Death and Transfiguration
By Alan Marshall, first published in Story Magazine
In a small fishing town in New Hampshire, a midwife helps a young, unmarried girl--whose family cares more about their reputation than their daughter--through a difficult childbirth.
Author
Published in
Year
Words
5,400
Genres
Availability
Collections
Plot Summary
A midwife named Grammer Weare is walking through the cold woods in a fishing town in New Hampshire when a man with a lantern comes up behind her. The man is named Poll's Matt, and he sees her bag and guesses that she is going to see Ting Seaver's girl Doll. Grammer refuses to say, and she continues on her way. As she walks to Ting's shack, she hears the sounds of the shoe factory which has recently been built in the town and which has brought fresh faces to the town besides the families that have been there for hundreds of years.

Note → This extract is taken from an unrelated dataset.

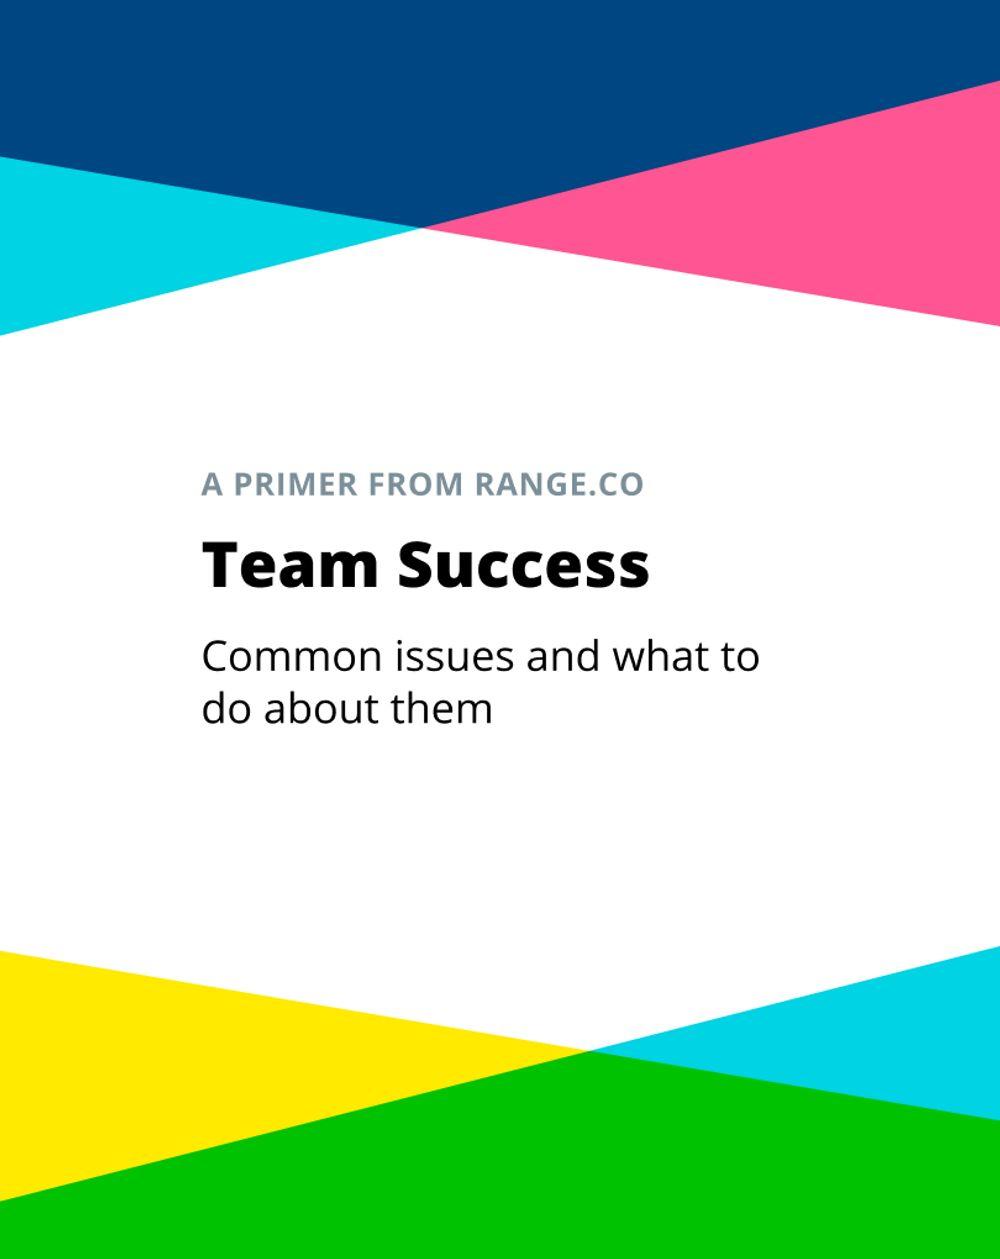 Download our primer team success

Grammer enters the Ting's shack. Ting is sitting at the table, his wife Gathy is by the fire stirring broth, and his son Hipper is weaving cord into a lobster pot. Doll is laying on the bed, her eyes staring at the ceiling. Gathy says that Doll will be needing her soon, but they have not heard a groan out of her yet. Hipper responds that Doll is a saucy tart and she should sweat for it. Hipper takes some of the broth, even though it is supposed to be for Doll. Hipper says that Doll has been going around to every mother's son in the village, and Doll says that this is not true with tears running down her face. Hipper throws a clam from his stew at Doll's face, and it lands on her cheek. Grammer removes it and asks the girl if she would like to eat it, which makes Doll laugh. Ting curses Doll for laughing after what she has done.
Grammer kicks the men out of the house. Other men from the factory walk by the house on the road; they whisper when they reach the house and then laugh loudly when the pass it. Doll groans at this attention. She tells Grammer that she feels movement, but Grammer responds that it is not time yet and it will be a long night. Grammer and Ting's wife Gathy drink broth while they wait. They put a gown on Doll, who laughs at a mouse in the corner of the room. Her laughs soon turn to sobs, and she tells Grammer that it is time.
Doll struggles through the night. When there is a silence at one point and Grammer is wiping her face with cool water, Doll cries to her that it was never Poll's Matt but once, and the child has nothing to do with him. She insists that the child is from another man who is like the sea on a fresh day. Grammer reassures her that she would be the one to know. As the night goes on, Doll screams only once, and her face gets more distant. Morning comes, and the baby is born. Doll is unresponsive. Gathy and Grammer try to blow life into her, but she is dead. Gathy says "Ah, well."
Hipper and Poll's Matt enter the house. Hipper sees Doll and says, "poor girl." Poll's Matt wants to see the baby, but Grammer says he'll have nothing to do with it, and he leaves. Hipper angrily asks if Poll's Matt is the father, and Grammer responds that he is not. Ting comes into the house and avoids looking at the bed. Poll's Matt has already told him that Doll is dead. Ting says that she was a good girl when she was younger, and he begins to eat breakfast. Grammer says that she will give Doll tending soon, and she packs up her bag to leave. The whistle in the nearby factory sounds, but the house is silent except for the sounds of eating and breathing.